Our study revealed that intake of probiotic yogurt and probiotic capsule did not influence inflammatory factors among petrochemical workers for 6 weeks. Previous studies, the beneficial effects of probiotics on inflammatory factors have reported among immune-compromised patients[28] and patients with rheumatoid arthritis.[29] In line with our study, administration of two Lactobacillus strains, one Bifidobacterium strain, one Propionibacterium strain plus galacto-oligosaccharides did not affect serum CRP levels among men with a low serum enterolactone concentration after 6 weeks.[30] In addition, taking 1500 mg probiotic capsules containing L. acidophilus, L. bulgaricus, Lactobacillus bifidum and Lactobacillus casei twice daily was shown no significant changes in inflammatory factors among diabetic patients after 6 weeks.[31] However, the consumption of probiotic yoghurt containing L. acidophilus and Bifidobacterium animalis among pregnant women after 9 weeks[32] and administration of Bifidobacterium supplements among patients undergoing resection for colorectal cancer[33] has resulted in decreased inflammatory markers. The absent effect of probiotic consumption on inflammatory factors levels in the present study may be result from different study designs, the dosage of used probiotic, the patients under investigation, sample size as well as duration of supplementation.
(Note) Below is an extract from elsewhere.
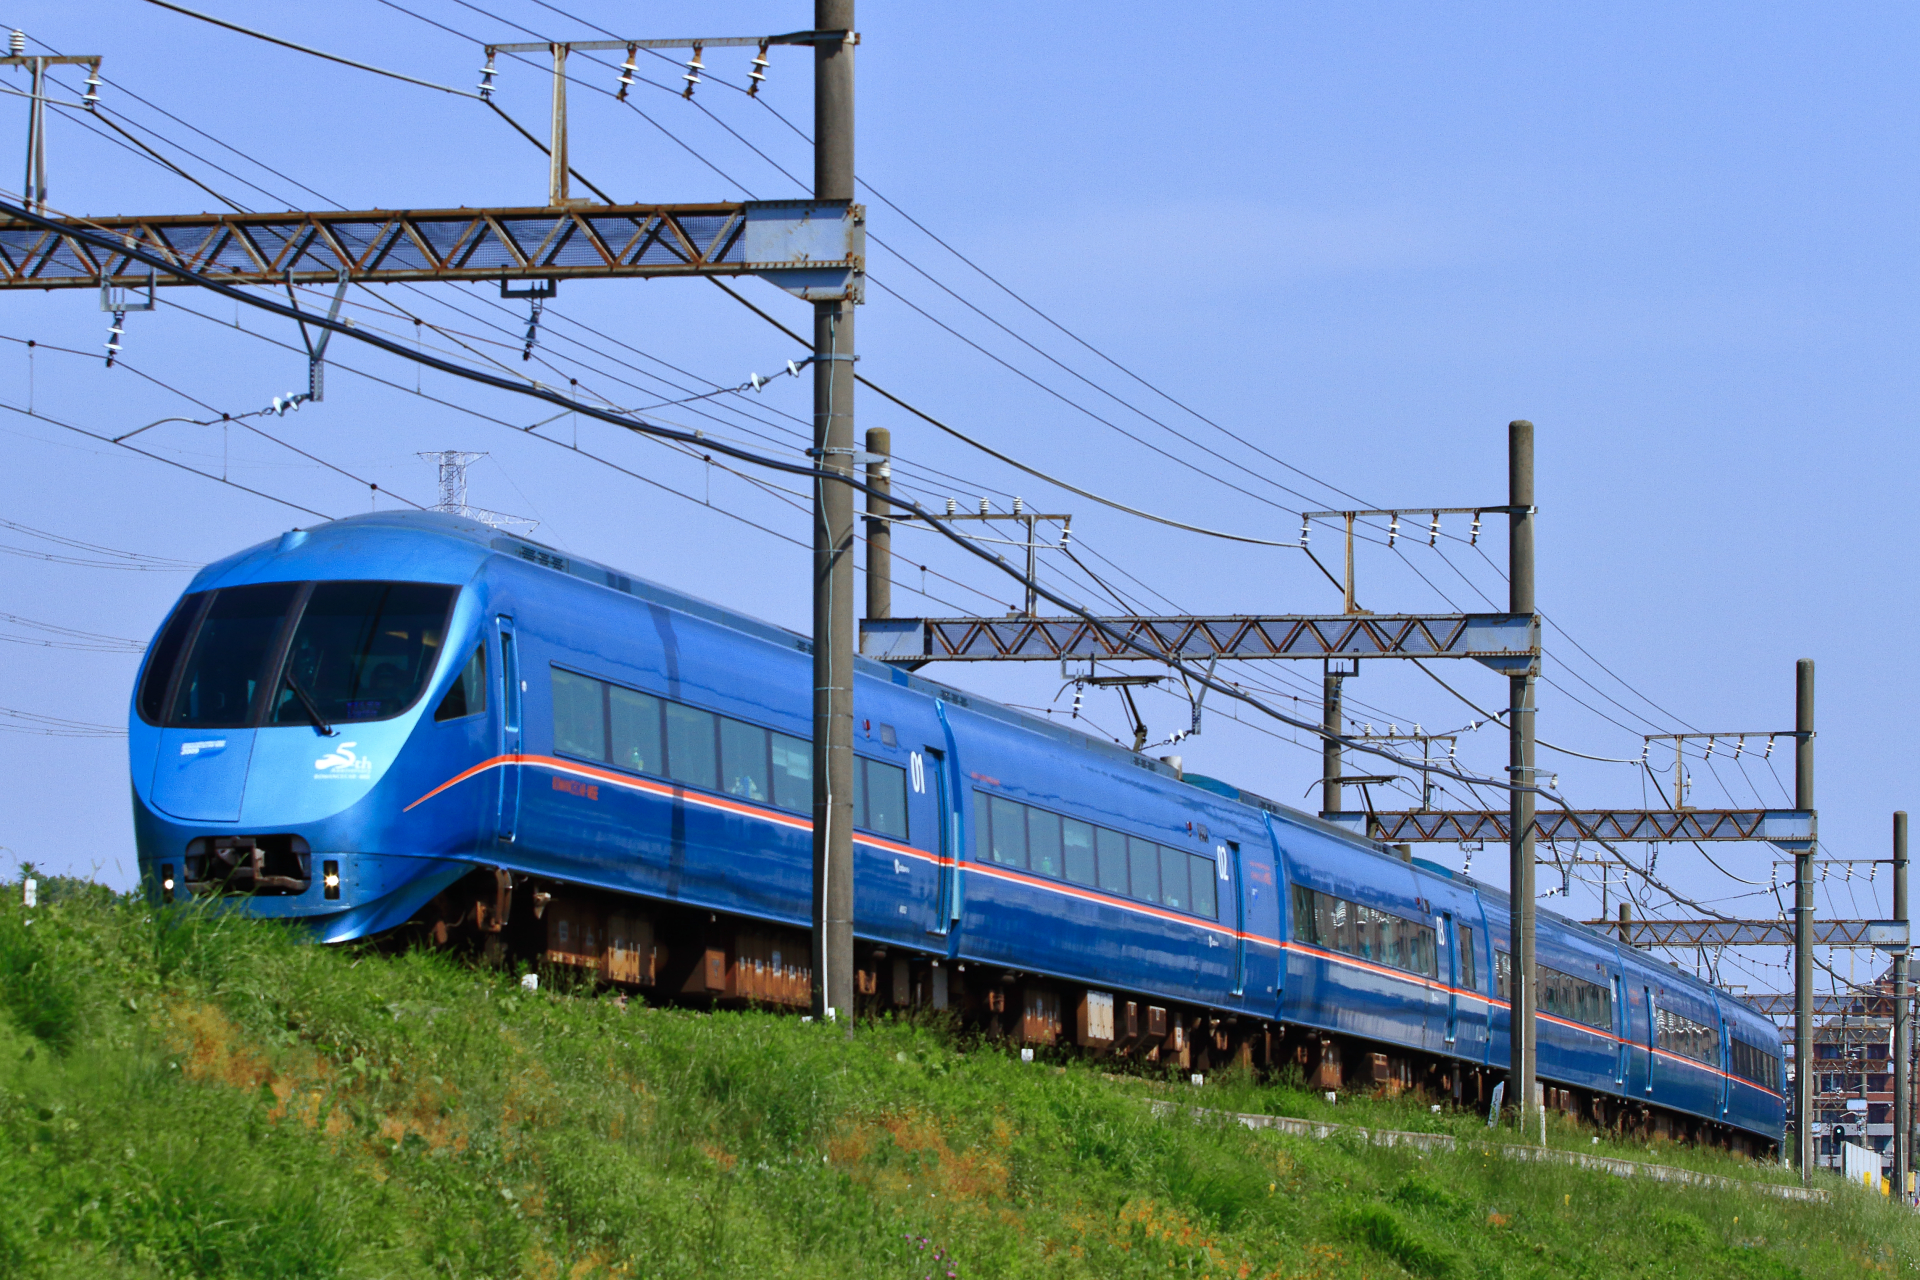 小田急のmseは登場時から御殿場線への直通を想定していたのか Odapedia 小田急を中心とした鉄道に関するブログメディア
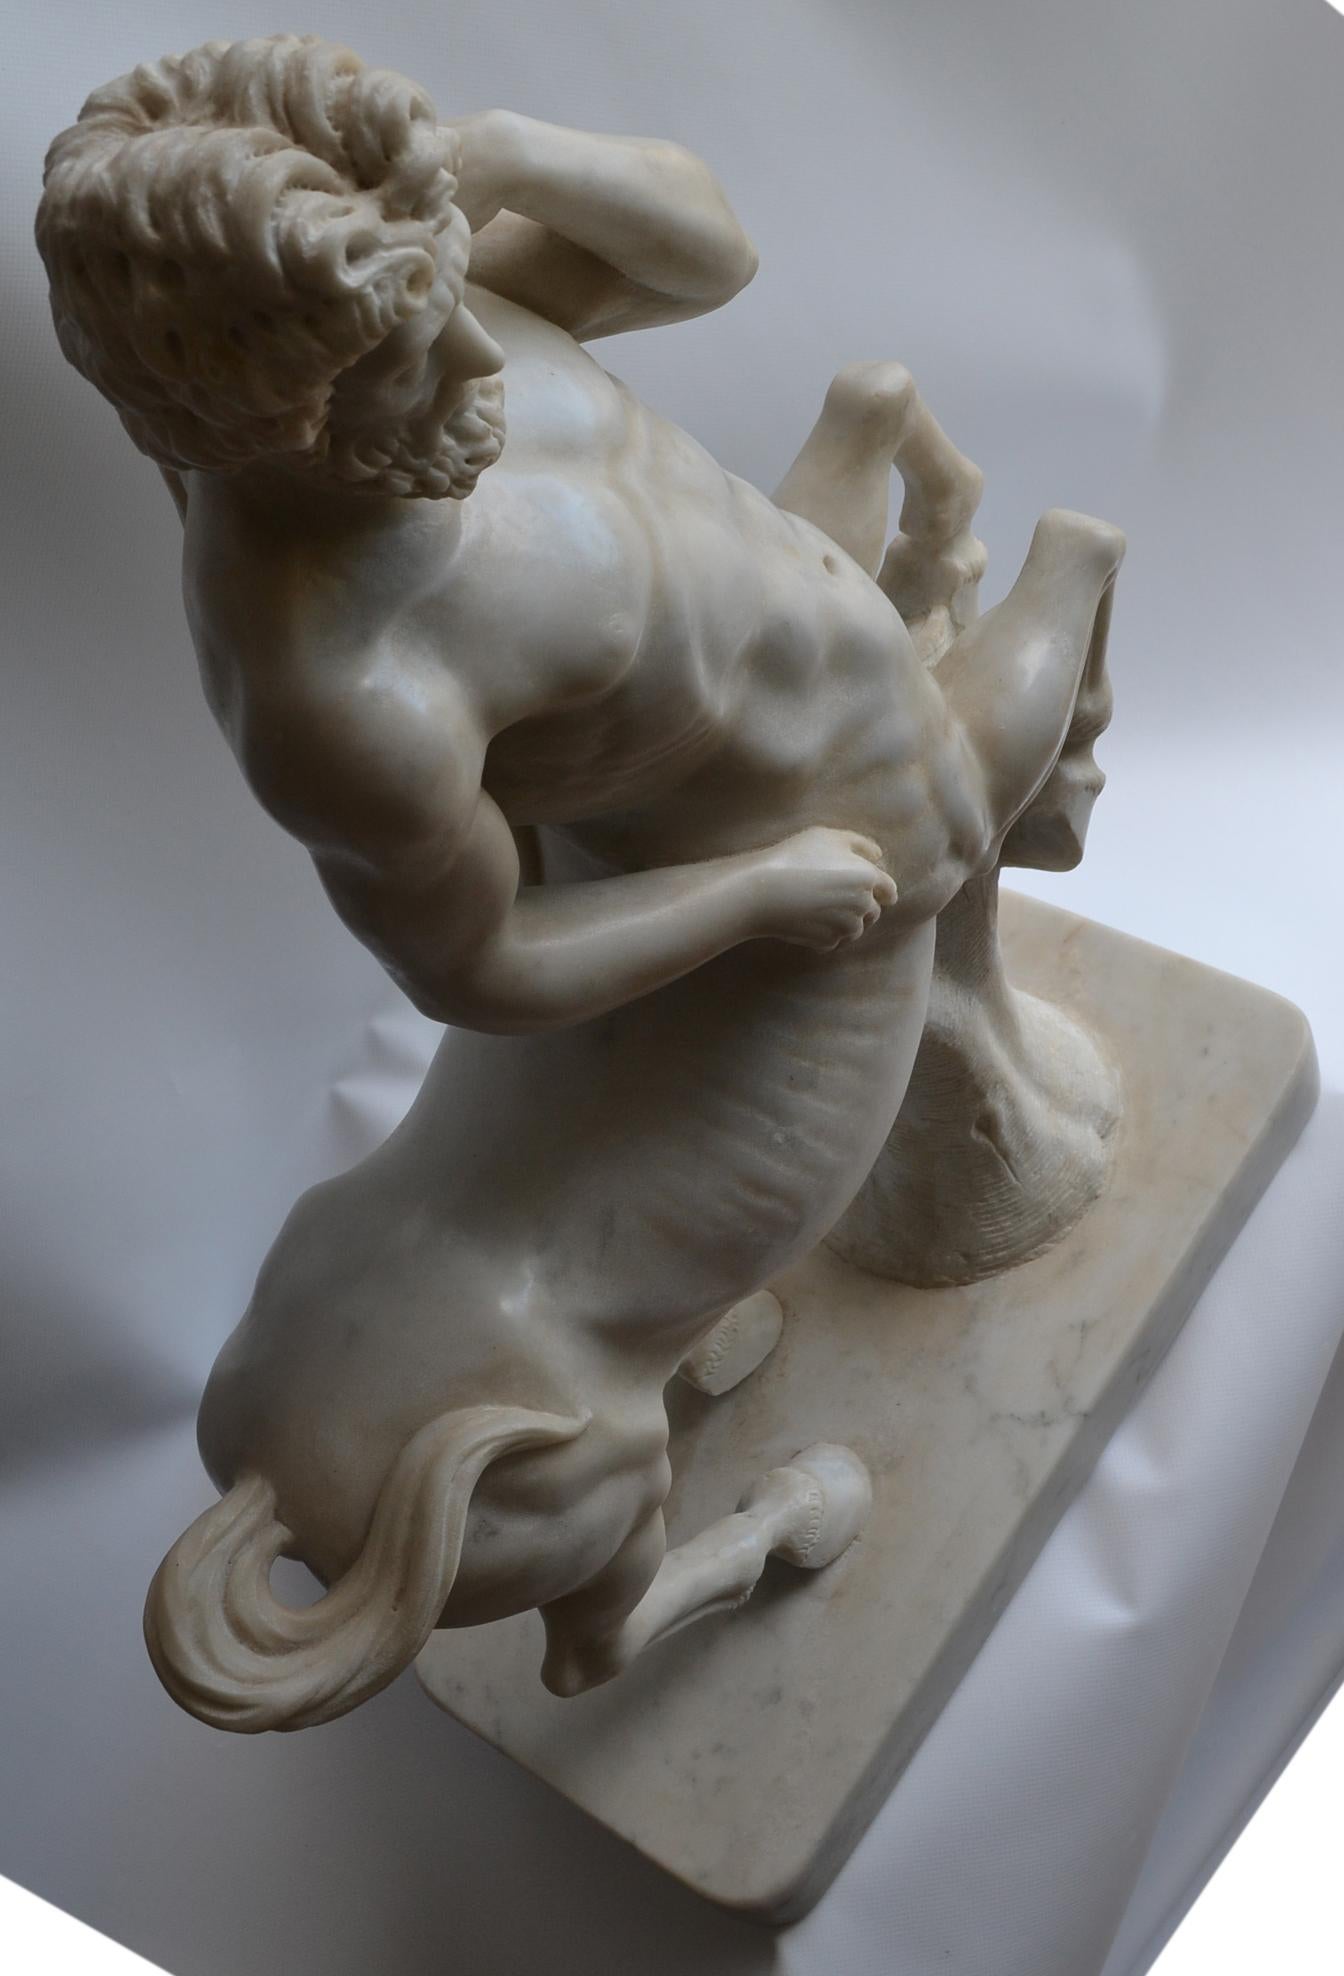 Hand-Crafted Centauro scolpito su marmo bianco di Carrara -made in italy -fatto a mano

Some limitations must be taken into account in the interpretation of our findings. Small sample size and short period of supplementation were two main limitations of our study. Long-term interventions might result in greater changes in circulating levels of makers of oxidative stress and inflammation. Furthermore, using other oxidative stress biomarkers including malondialdehyde, GSH reductase, GSH peroxidase and superoxide dismutase could be helpful in the interpretation of results. However, we believed that the assessment of fecal short-chain fatty acids (SCFA) is an appropriate method for compliance, due to budget limitation; we did not assess effects of probiotic on fecal SCFA.

CONCLUSIONS

Taken together, consumption of probiotic yogurt or multispecies probiotic capsule had beneficial effects on biomarkers of oxidative stress in petrochemical workers but did not affect 8-dihydroguanine and inflammatory factors.